Given information: Begin
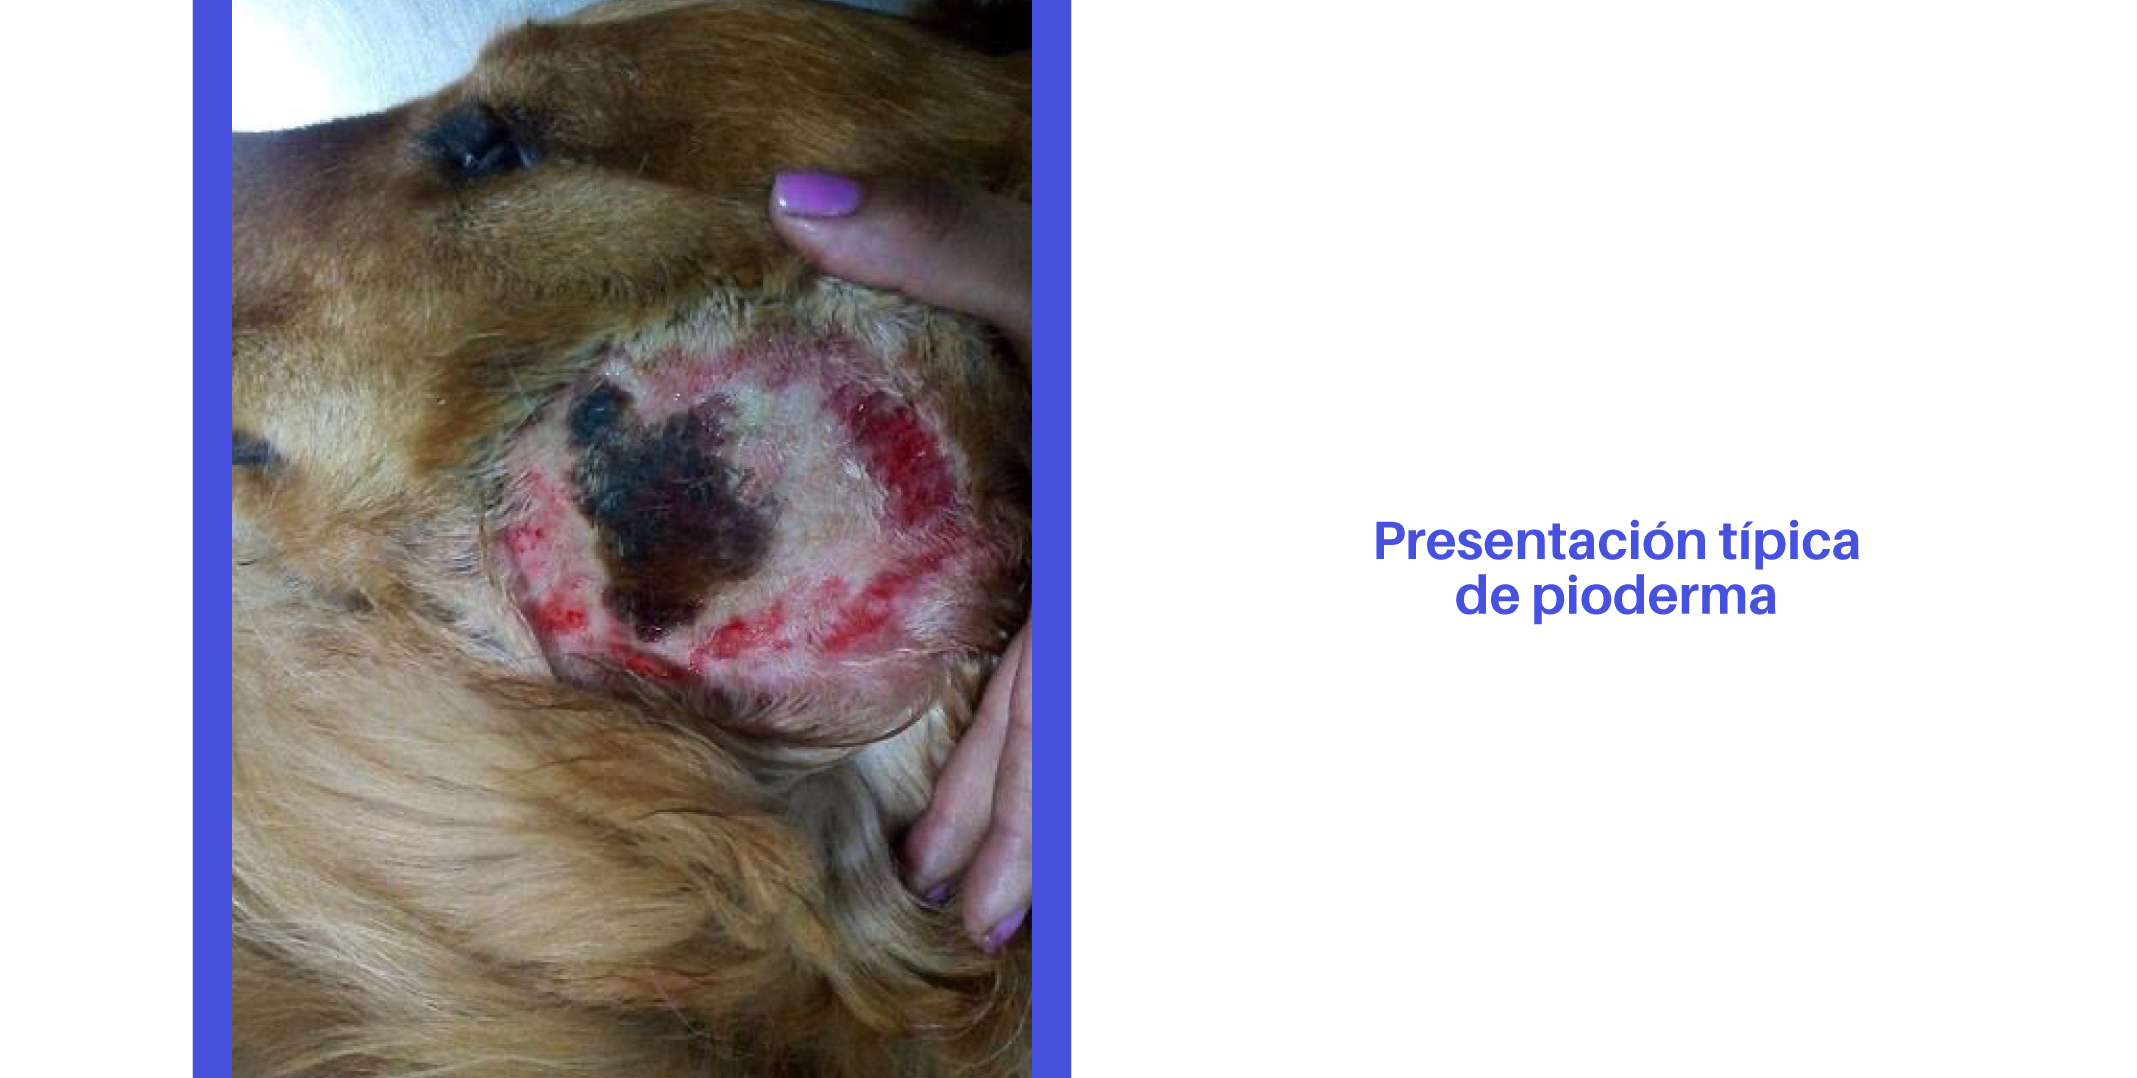 Bio Zoo Tomada de https://www.clinicaraza.com/blog/dali-el-estres-pudo-cusarte-esa-lesion-pioderma-canina
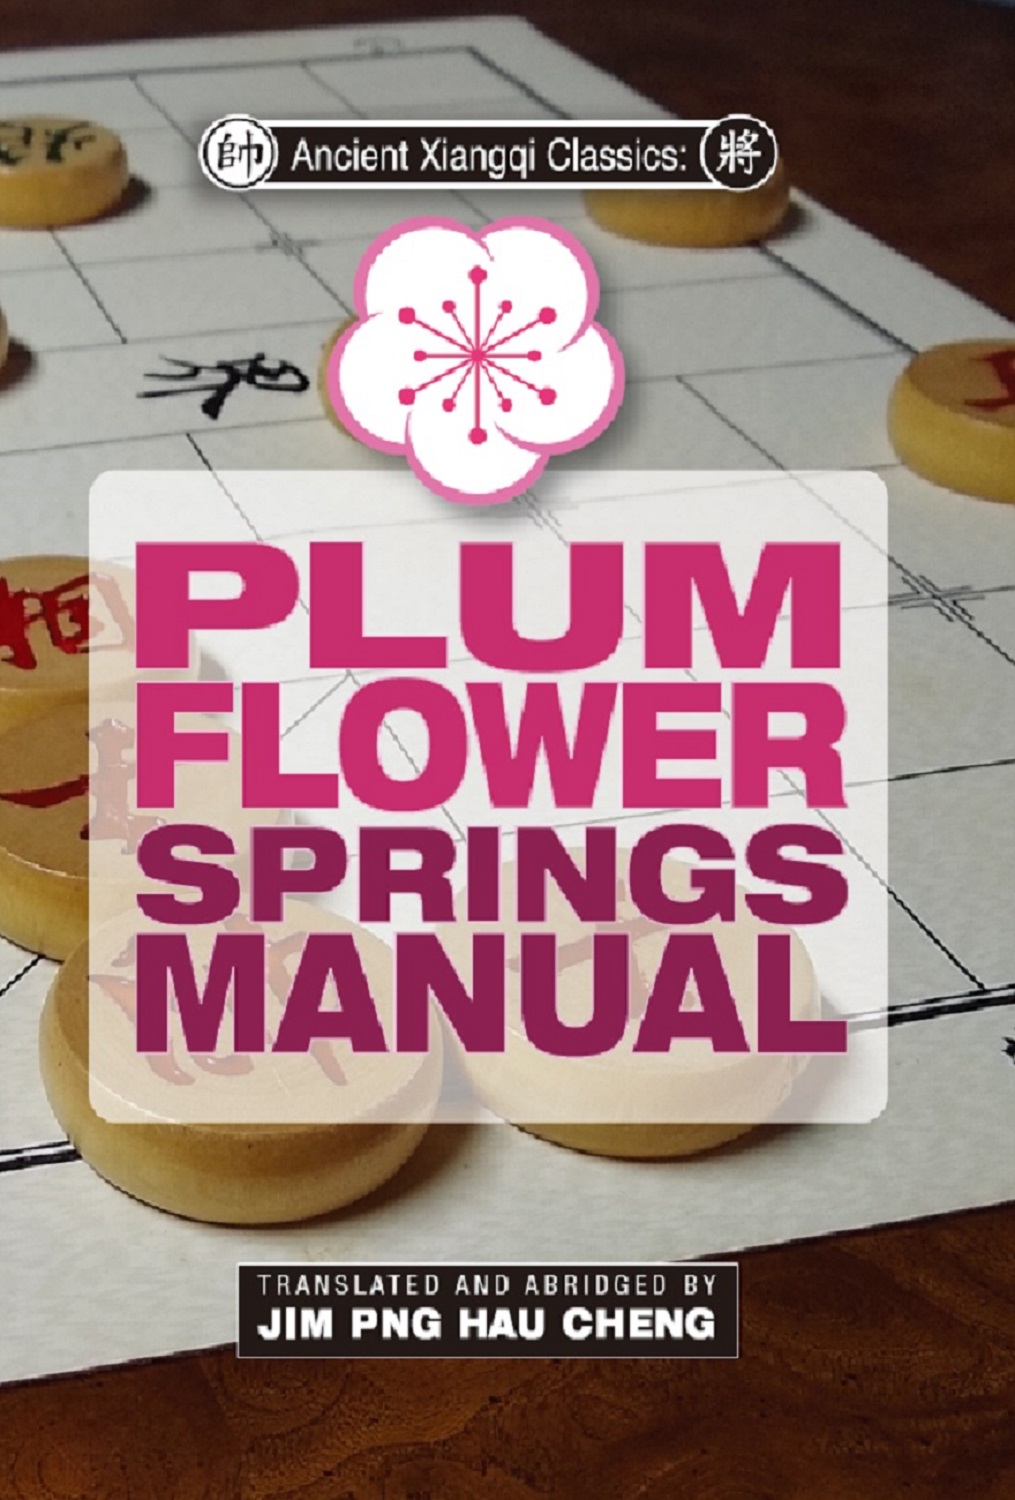 Ancient Xiangqi Manual: Plum Flower Springs
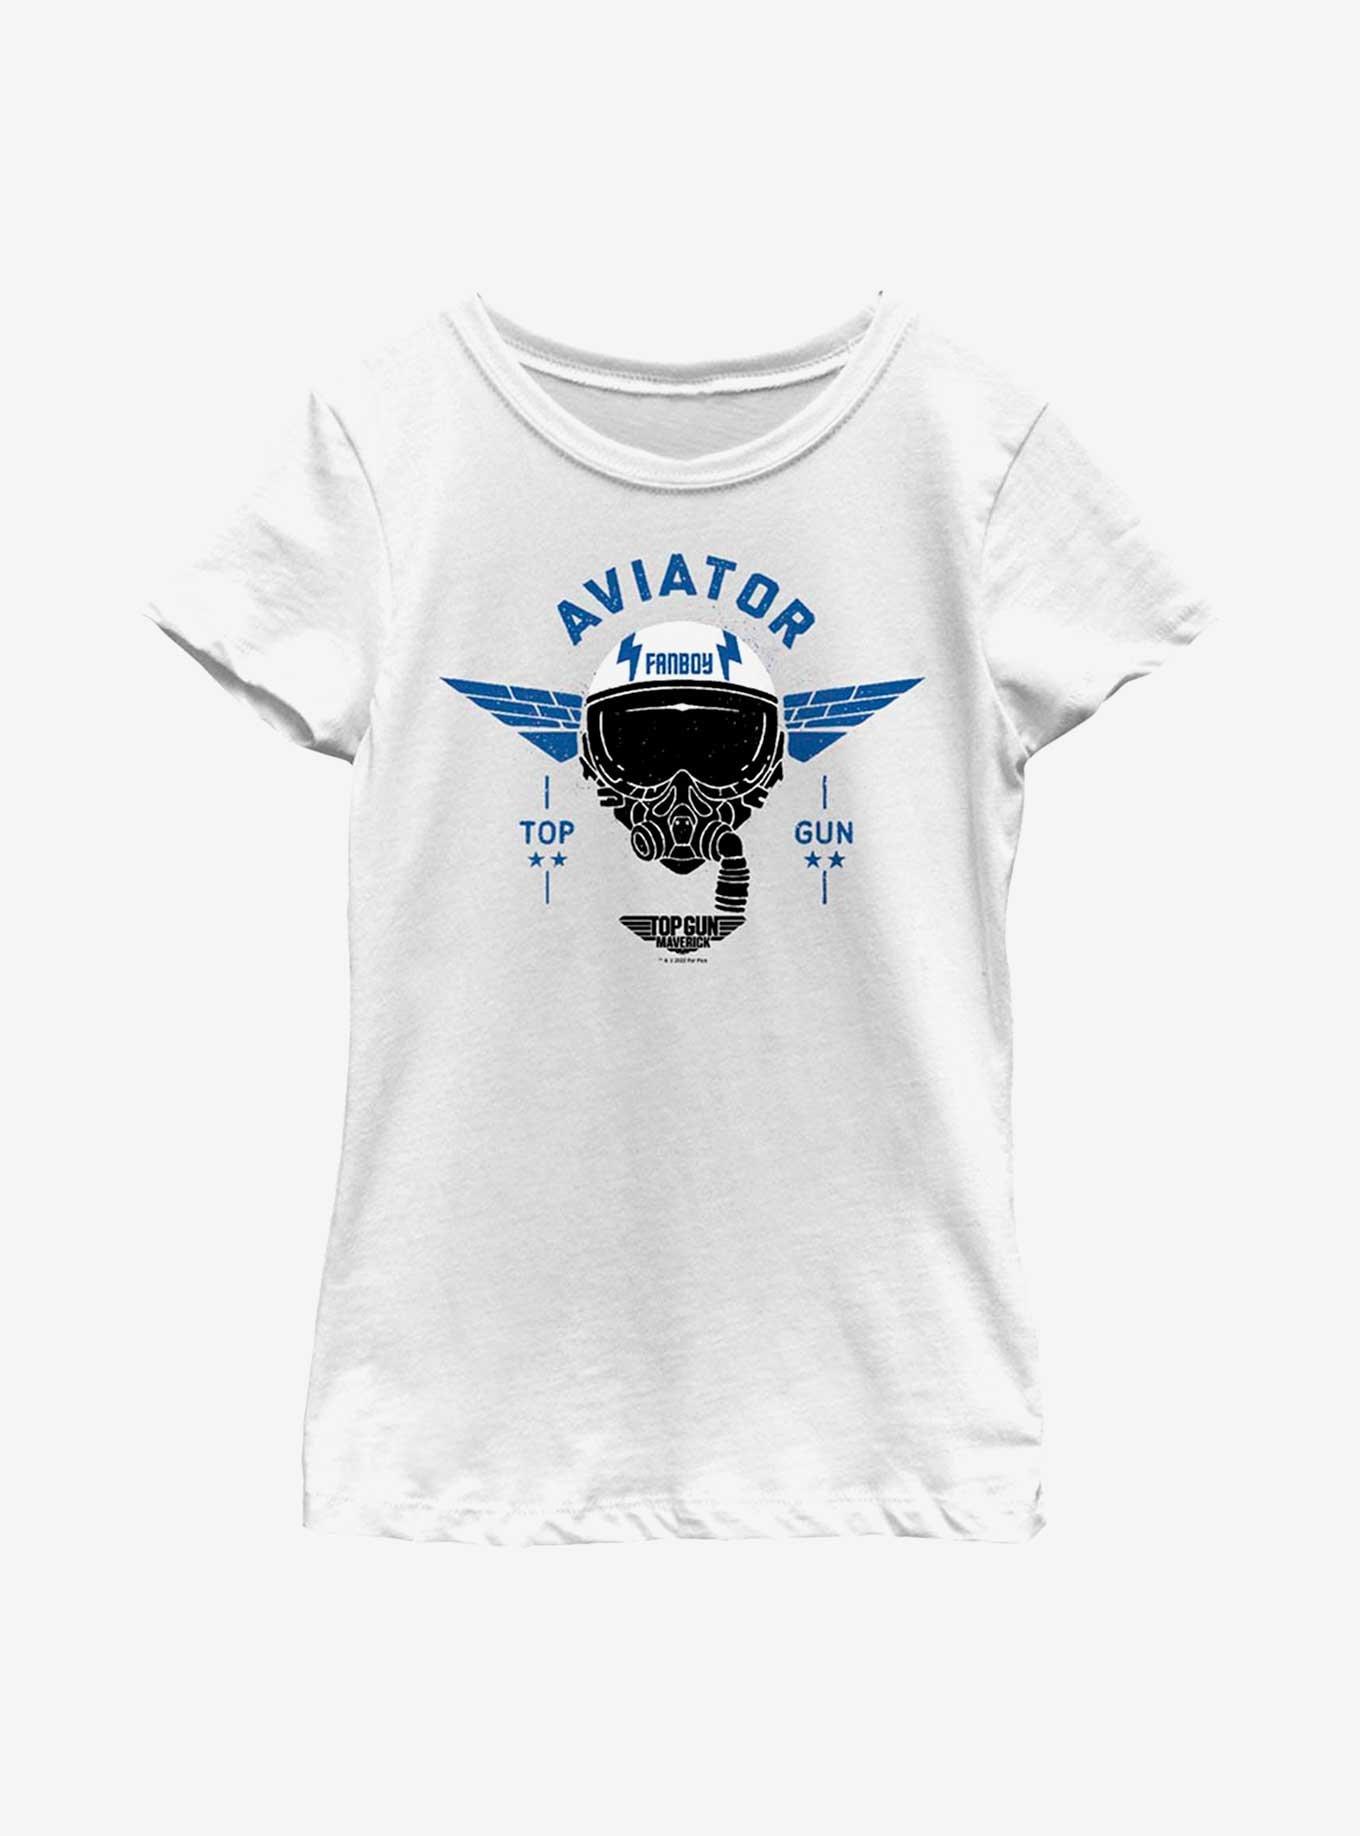 Top Gun: Maverick Fanboy Aviator Youth Girls T-Shirt, WHITE, hi-res
Given information: End
The data shown above must be printed again exactly, with no images included.

 Bio Zoo Tomada de https://www.clinicaraza.com/blog/dali-el-estres-pudo-cusarte-esa-lesion-pioderma-canina
 Ancient Xiangqi Manual: Plum Flower Springs
 Top Gun: Maverick Fanboy Aviator Youth Girls T-Shirt, WHITE, hi-res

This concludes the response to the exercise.